Без триннадцати 13, или Тоска по Тюхину
Шрифт:
Второй странностью была чудесная метаморфоза, случившаяся с моим краснокожим аусвайсом. Каким-то волшебным образом из него исчезли все поддельные записи. Да не просто выцвели или там испарились, а скрупулезнейшим образом поменялись на прежние, подлинные. Я листал фантастический документ гражданина несуществующего уже государства - некоего М., Виктора Григорьевича, умудрившегося родиться 20-го октября 1942 года, то бишь в самый разгар Сталинградской битвы, - я изучал странички, как чужую валюту - наощупь и напросвет, и душа моя пела, а внутренний голос нашептывал: "Таки - да:
Витюша слышал. Нащупав в кармане пижамы серую пуговицу от пальто, он, затаив дыхание, сжимал ее пальцами. Чуда не происходило, но Тюхин уже почти наверняка знал, что так и должно было быть. Для того, чтобы возвратиться наверх, нажимать нужно было на верхнюю пуговицу!
В этот вечер добытчица Перепетуя вернулась раньше обычного.
– Вона полюбуйся!
– хлопнув на стол бумаженцию, сказала она.
Прочитав листовочку, я так и подскочил. Ея Императорское Величество Даздраперма Первая высочайшим рескриптом объявляла меня, Тюхина, вне закона! Цитирую: "как подлого изменщика, агента межгалактического сионизма, тайного чеченца, псевдодемократа и брачного афериста". "Приговор Наш, - писала далее Даздраперма Венедиктовна, - окончательный, обжалованию не подлежащий, а ежели кто вышеупомянутого злодея стренет, то ничтоже сумняшеся пущай его, окаянного, вервием фиксирует и доставляет ко мне, в Смольный, для сугубой расправы".
– Достукался, касатик!
– загрустила Перепетуя.
– Неужто донесешь?!
– Одна, пожалуй, не донесу, - озаботилась чертова перечница, - придется кого-нито на помощь крикнуть. Но это - опосля. Ты гляди-кося, Мересьев, каку я невидаль на свалке сыскала! Фиксаж - не фиксаж... Может, проявитель?

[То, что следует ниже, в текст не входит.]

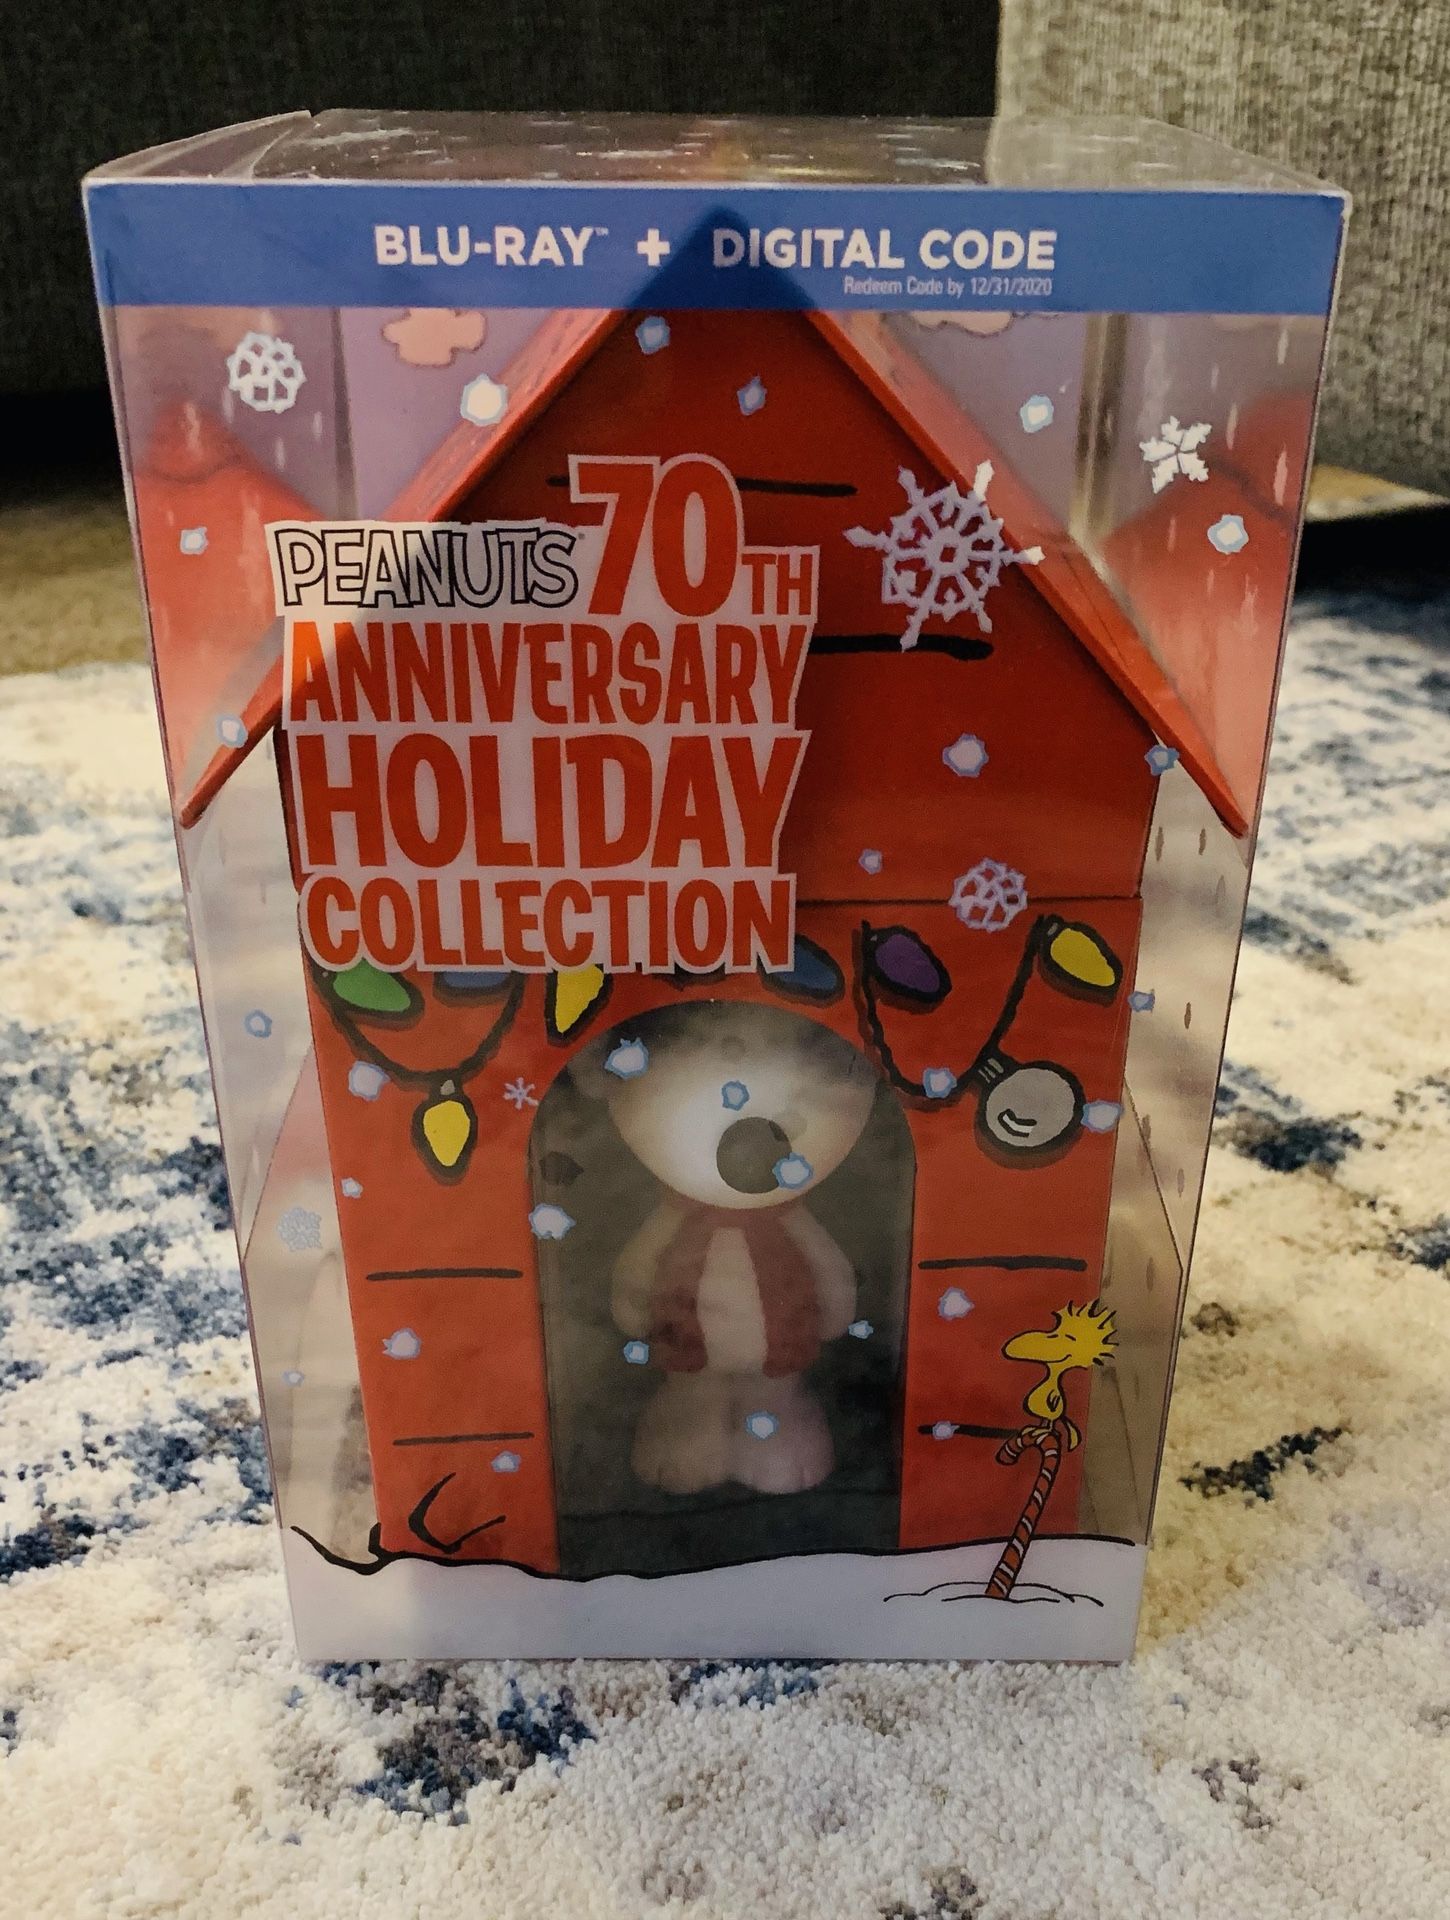 Peanuts 70th Anniversary HOLIDAY COLLECTION Bluray Limited Edition Charlie Brown.

– И она, кормилица, вынула из своей заплечной сумы трехлитровую, с ручкой, бутылищу "столичной".
Мое бедное, изнуренное трехмесячным затворничеством сердце, оборвалось: Господи! То-то мне Кондратий с рюмкой примерещился!..

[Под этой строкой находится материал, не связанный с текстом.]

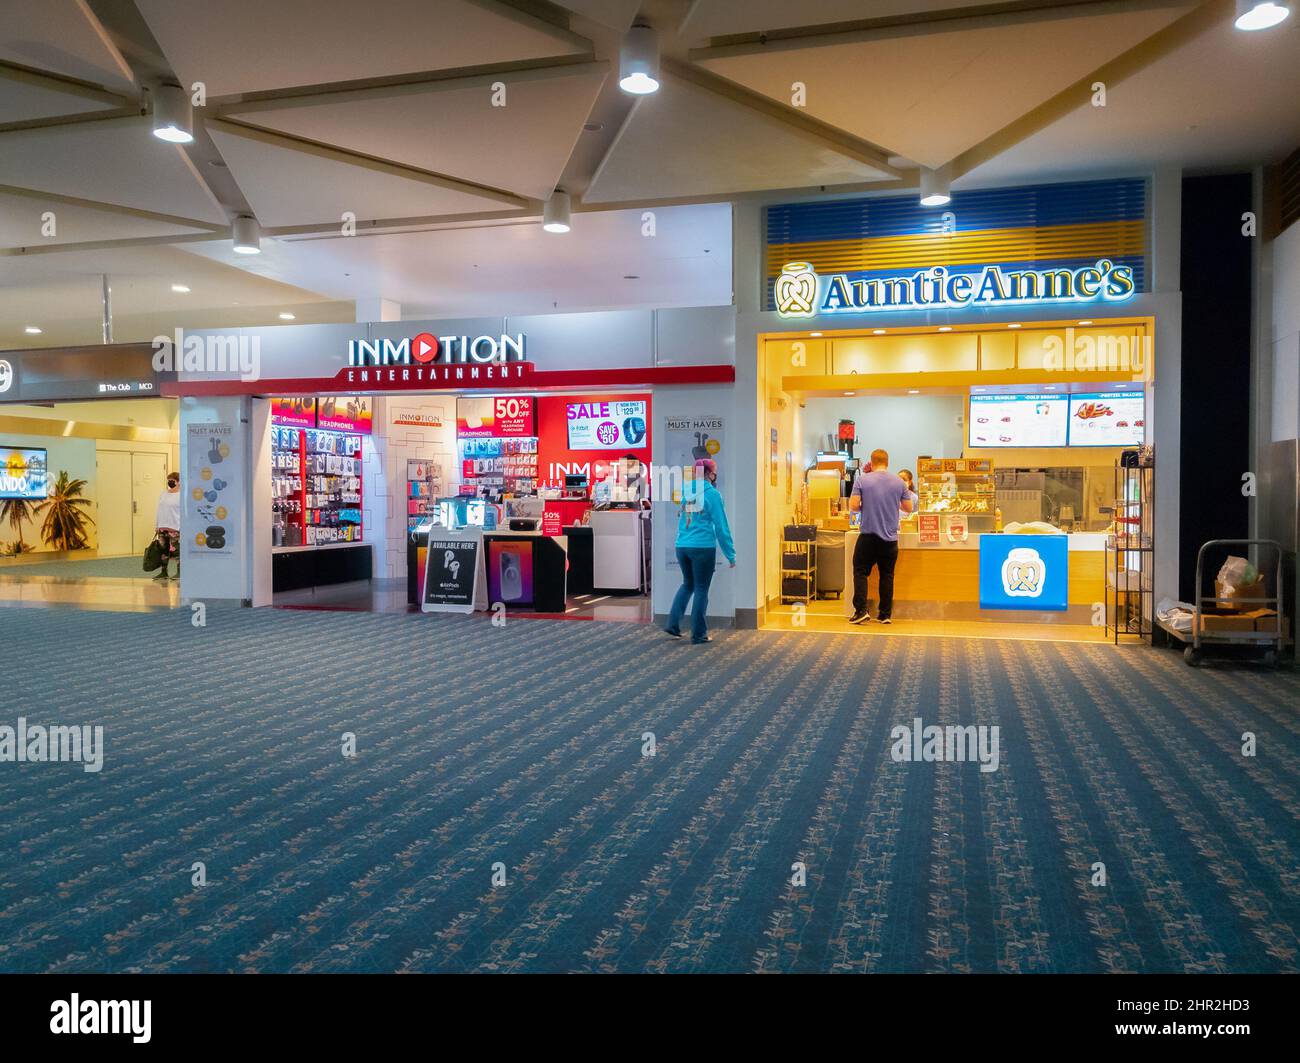 Orlando, Florida - February 4, 2022: Wide View of Auntie Anne's Shop and Inmotion Entertainment inside Terminal B of Orlando International Airport Stock Photo

Очередная трагедия произошла как-то до обидного буднично, невпечатляюще. Я зажмурился, поднес ко рту, запрокинулся, загуркал, аки голубь, допил до дна, занюхал мануфактуркой, крякнул, елки зеленые: "Экая гадость! И как же ее беспар...".
Остаток слова застрял в моей окаянной глотке. Подруги дней суровых в наличии уже не было. Лишь кучка пепла на табурете да пустой пластмассовый стаканчик на полу - вот и все, что осталось от любезной Перепетуюшки. Дряхлая голубка сгорела потусторонне-синим огнем. Точь в точь, как родной брат соседа моего - Гумнюкова, дернувший с похмела подвернувшегося под руку карбодихлофоса.
Замычав от горя, я потянулся к бутылище. Так начался кошмарный запой.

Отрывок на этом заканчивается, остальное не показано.